Using the data below, output a verbatim copy of the lines between the one holding "Stunning French Empire" and the one holding "4 Dinner Knives, 10", inclusive, without any pictures.
-- Records for processing follows --
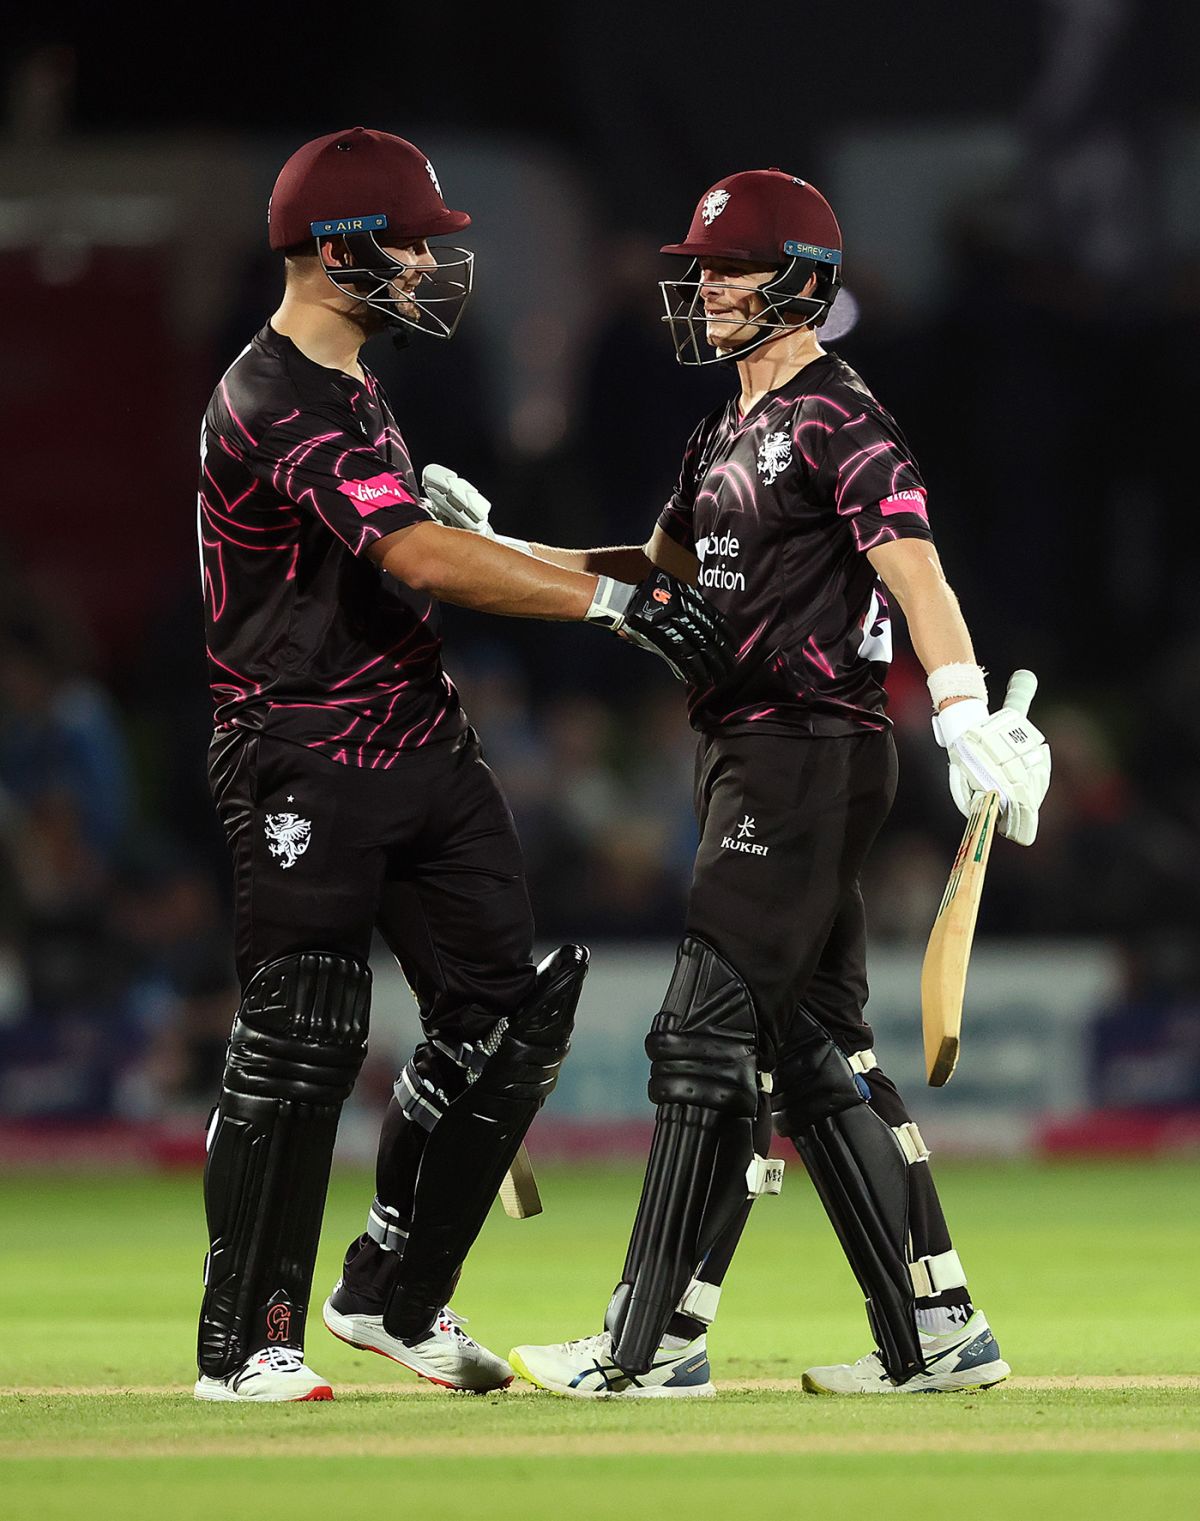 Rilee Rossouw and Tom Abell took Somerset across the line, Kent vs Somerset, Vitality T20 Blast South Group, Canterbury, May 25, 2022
-- Records for processing concluded --
-- Records for processing follows --
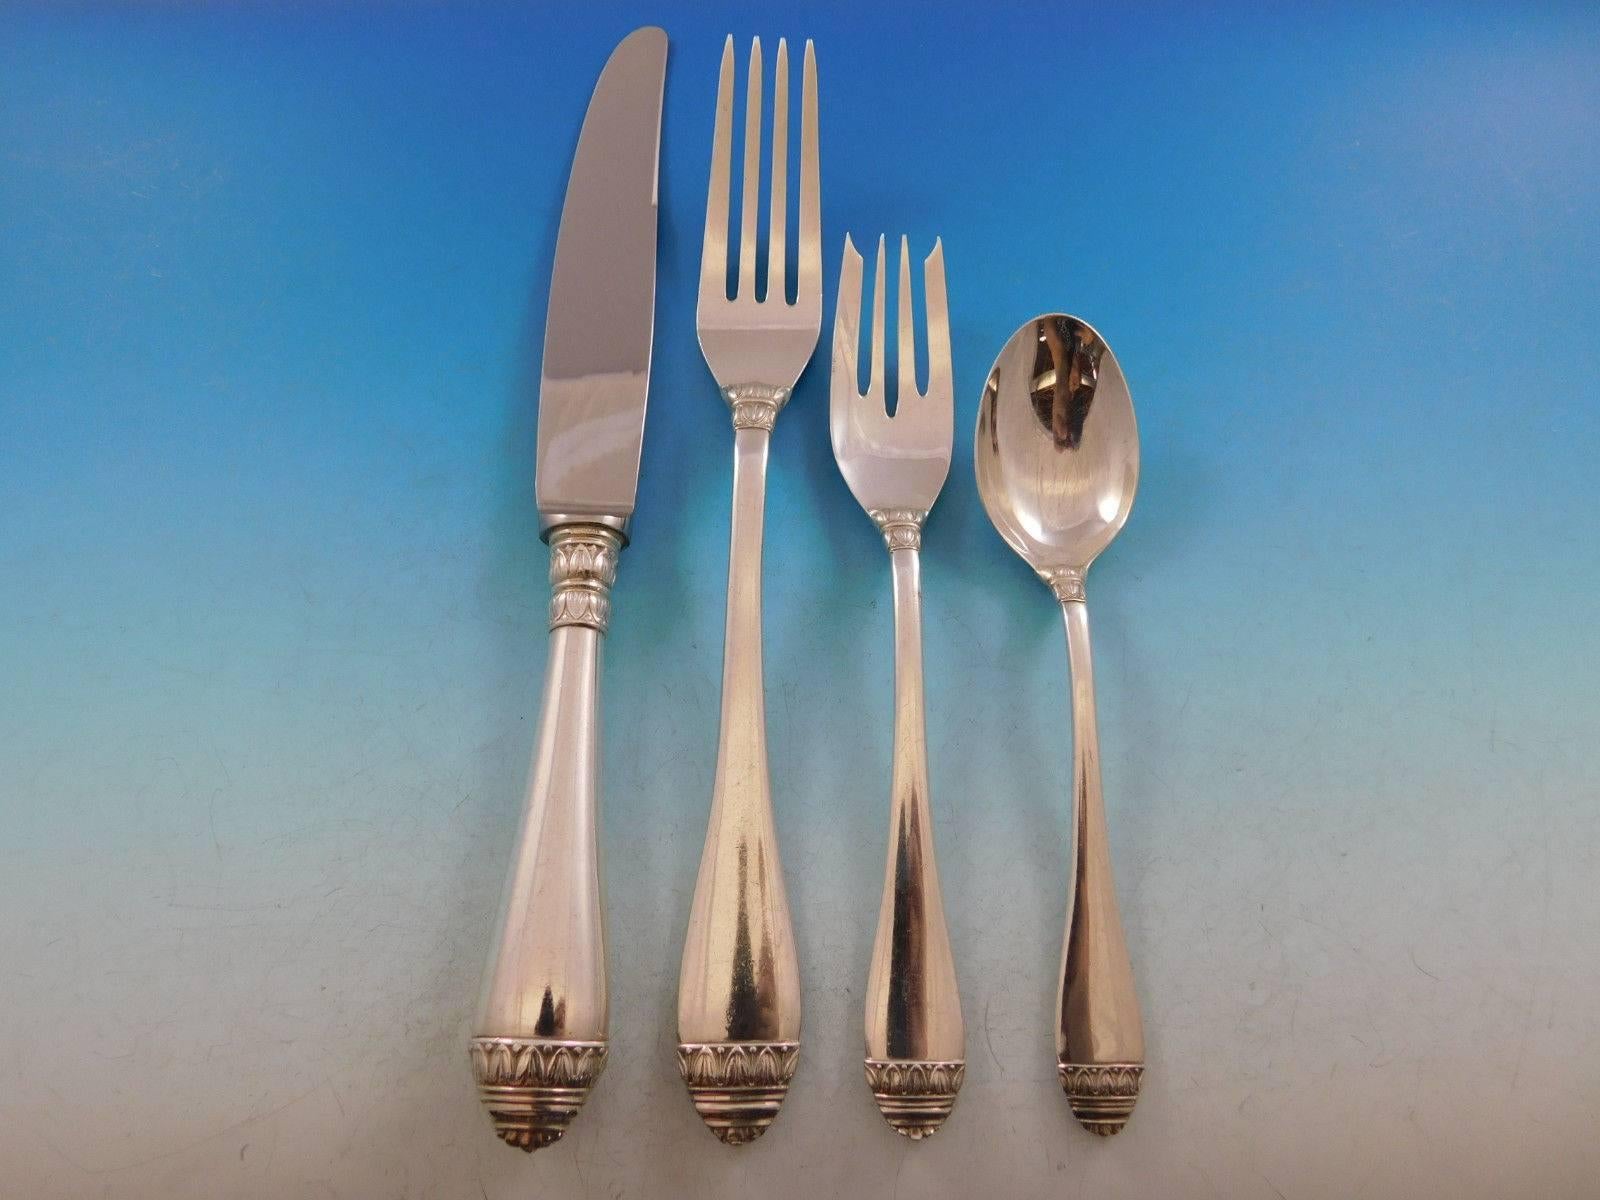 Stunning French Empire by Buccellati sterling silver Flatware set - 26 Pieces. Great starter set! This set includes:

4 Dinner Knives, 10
-- Records for processing concluded --
-- Records for processing follows --
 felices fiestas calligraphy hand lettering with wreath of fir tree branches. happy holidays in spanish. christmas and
-- Records for processing concluded --
- _Answer section_
 Stunning French Empire by Buccellati sterling silver Flatware set - 26 Pieces. Great starter set! This set includes:

4 Dinner Knives, 10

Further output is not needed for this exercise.